Thirdly, due to the recent economic situation, NC has frozen teachers' pay for the last three years. So I'm still being paid like a third year teacher instead of a sixth year one.


So it probably has a lot more to do with my state than it does the whole US. But I have heard that the US does pay teachers less than many other countries do.


----------



## JohnGalt (Nov 5, 2011)

teddy564339 said:


> Well, there are a couple of things here.
> 
> 
> First off, my state, North Carolina, is something like the 48th or 49th lowest salary out of all 50 states in the US. Up until recently, this is one reason why it was so much easier to get a teaching job in NC than most states....a lot of people who teach around here come from the midwestern states because they couldn't get a job in their own state.
> ...


To put things in perspective, up here, entry-level teachers in their FIRST year of work make $90k in igloo territory... 

$70-80 in remote rural communities with shortages.

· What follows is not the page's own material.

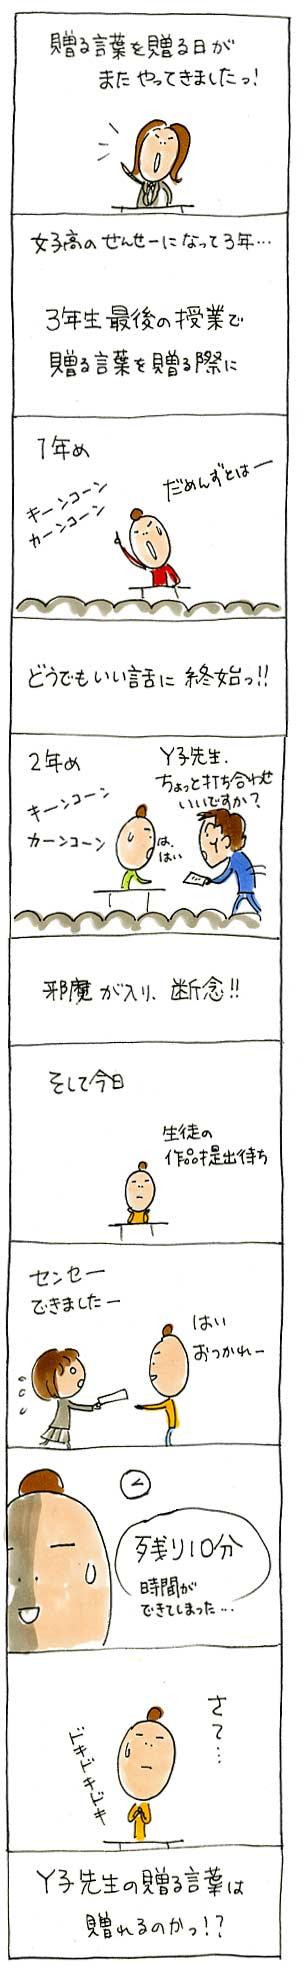 贈る言葉01

More like $60 in most cities, but that's still double your starting rate. 

Pay grade here also depends on incoming education, not just experience. It increases with a 4-year degree vs a 3-year degree, even more with a master's, and even more if you have extra teachables, are qualified to teach people with learning disabilities, or specialize in some other way. 

With 15-20 years in, assuming you take steps to advance your career, you're making 6 figures.


----------



## JDiNicola (Dec 1, 2011)

It seems like teaching Math is the way to go for ISFJs who enjoy the subject...


----------